A inteligência de Hegel, além disso, permitia que entendesse o funcionamento do mundo, criticando a desordem decorrente da proposta atômica e comparando-a com o mundo individualista, como aquele em que hoje vivemos.

“De outra maneira, contudo, as determinações ulteriores dos antigos sobre a figura, a posição dos átomos, a direção do movimento deles, são bastante arbitrárias e externas e estão, nesse caso, na contradição direta com a determinação fundamental do átomo. Nos átomos, no princípio da suprema exterioridade e, com isso, da suprema ausência de conceito, a física sofre nas moléculas e partículas tanto quanto a ciência do Estado que parte da vontade singular dos indivíduos” (Idem, p. 173).

Não é à toa que Bohm, que leu Hegel, quando esteve no Brasil, salvo engano, foi um dos principais filósofos ou cientistas do século XX, talvez o maior, qualidade que não é reconhecida em decorrência da cegueira que toma conta da intelectualidade contemporânea, aplicando-se o que se repete na História e já foi dito do maior filósofo e cientista de todos os tempos: “E a luz brilha na escuridão, e a escuridão não dominou a luz” (Jo 1, 5).

Indispensável, pois, superar o materialismo e o individualismo atômico para que seja possível o conhecimento do Logos, em sua universalidade cósmica indivisível, em sua totalidade, que inclui o observador, o ser pensante, pois este e o mundo observado, fisicamente, “são aspectos imersos e interpenetrados de uma realidade completa, que é indivisível e incomensurável” (David Bohm. Totalidade e a ordem implicada. Tradução Teodoro Lorente. São Paulo: Madras, 2008, p. 25).
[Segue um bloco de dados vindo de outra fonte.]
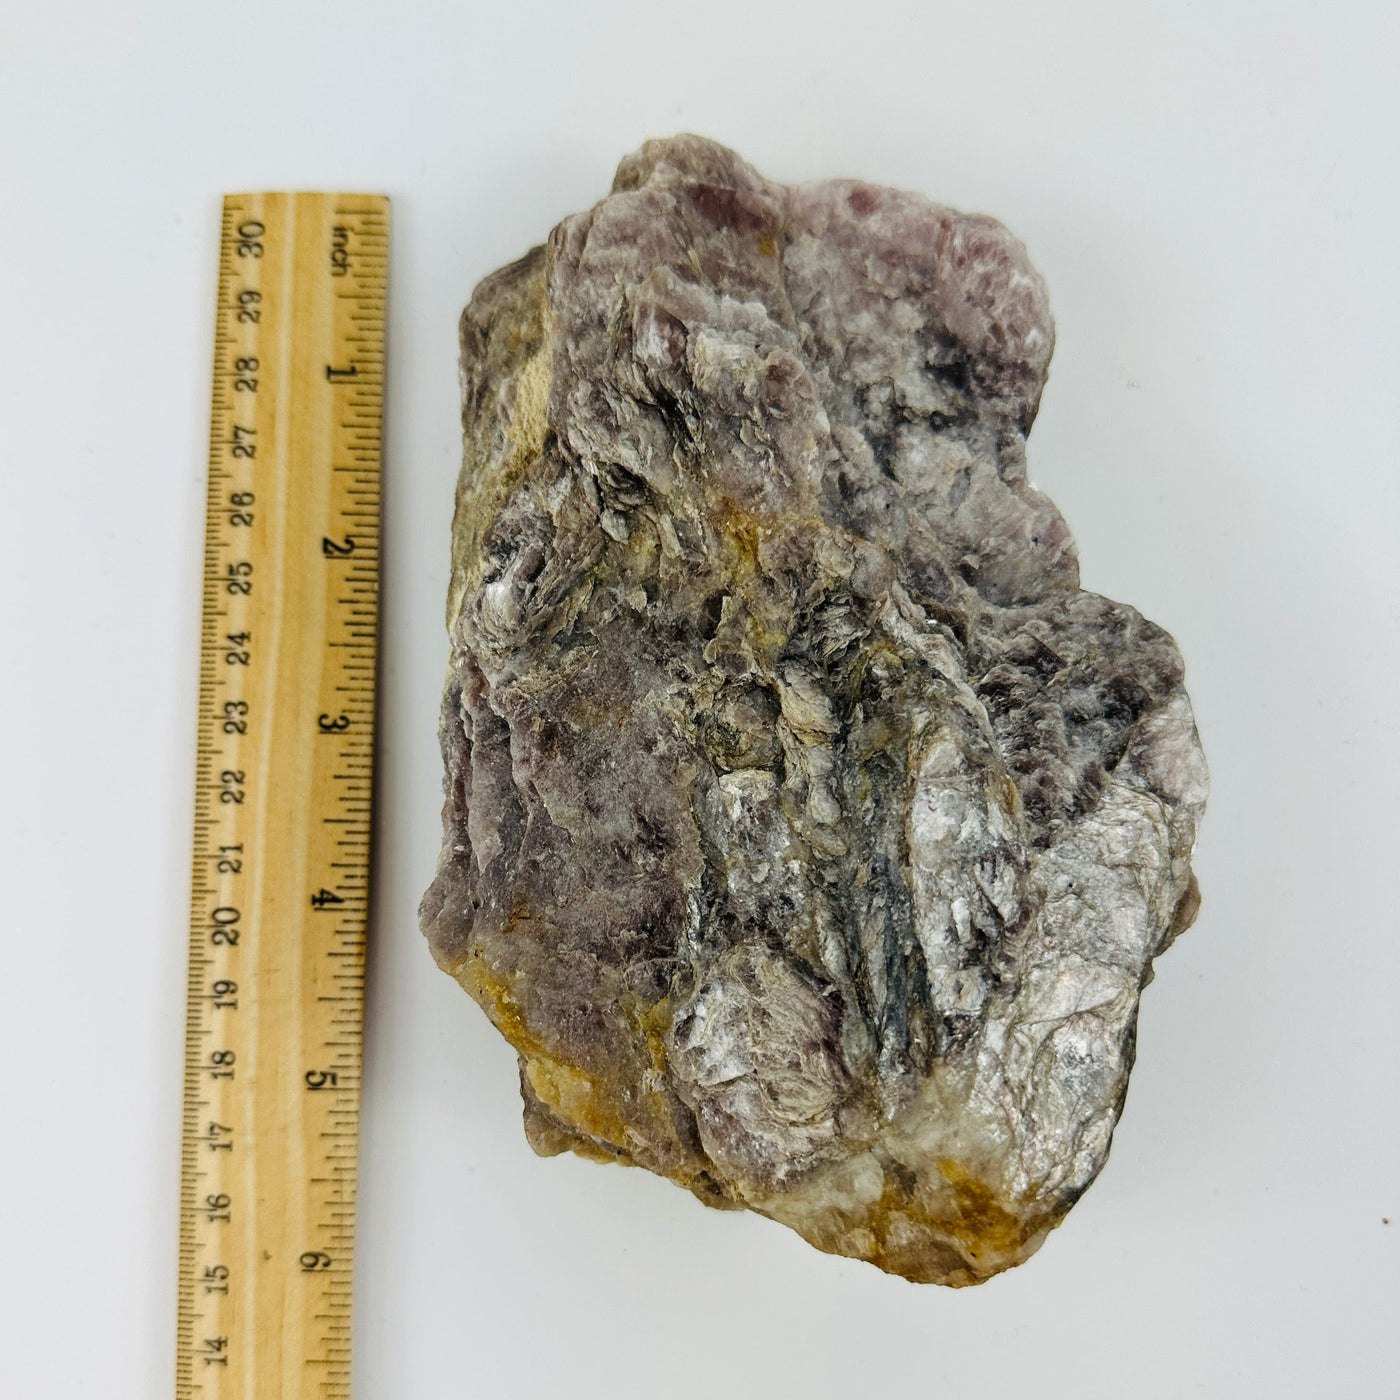 lepidolite mica next to a ruler for size reference
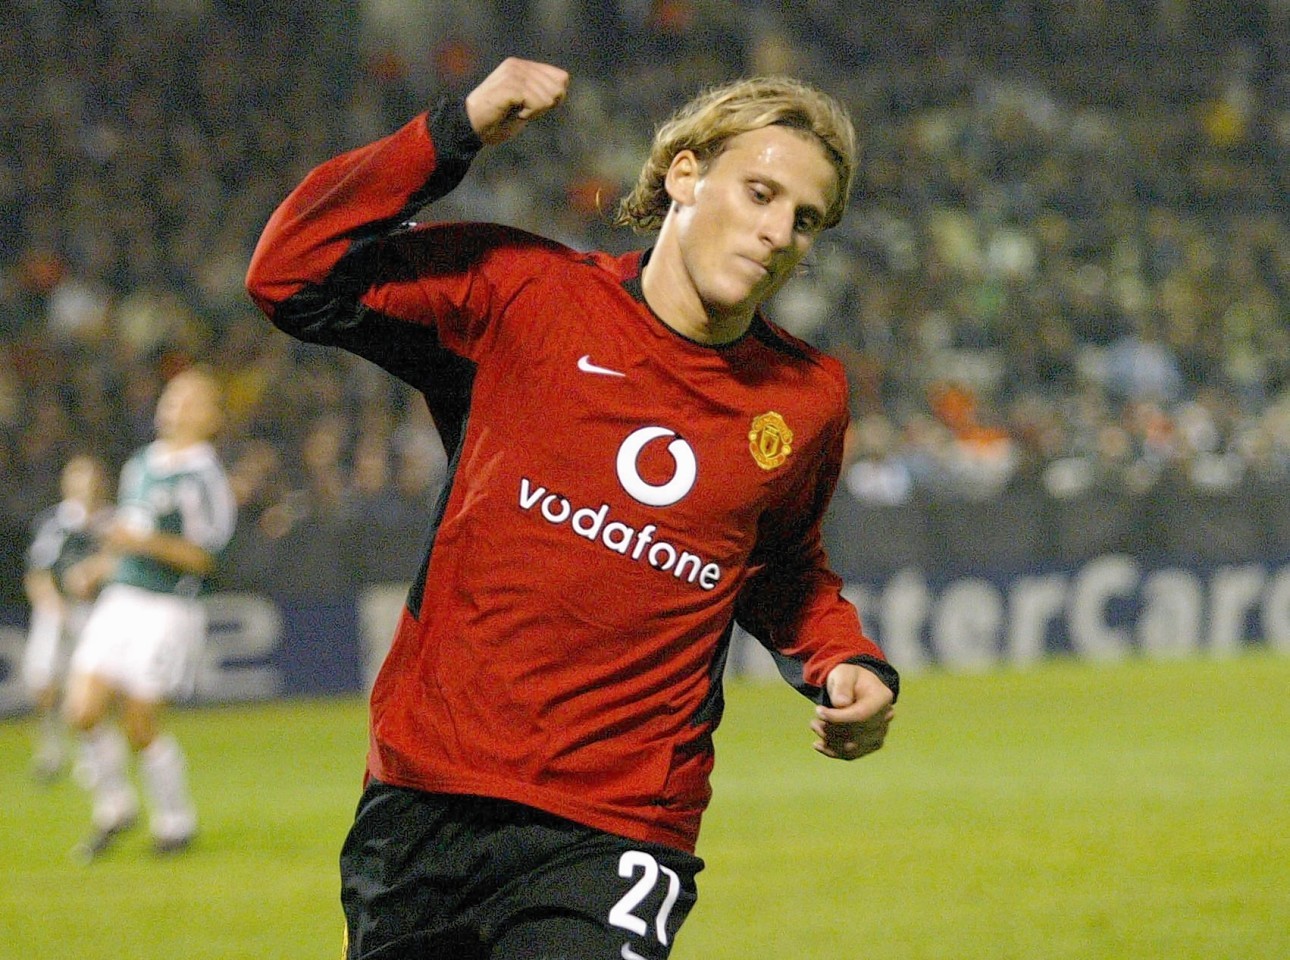 Diego Forlan's last spell in the Premier League saw him wearing the red of Manchester United

É preciso reconhecer a insuficiência e, em última análise, a falsidade do atomismo, “temos de considerar o Universo como uma totalidade indivisível e inseparável. A divisão em partículas, ou em partículas e campos, não passa de uma aproximação e uma abstração grosseira. Portanto, chegamos a uma ordem que é radicalmente diferente daquela de Galileu e de Newton – ordem da totalidade indivisível” (Idem, p. 135), e essa ordem apenas é ordem porque, de fato, e de Direito, não existe o átomo, mas, apenas, o Logos.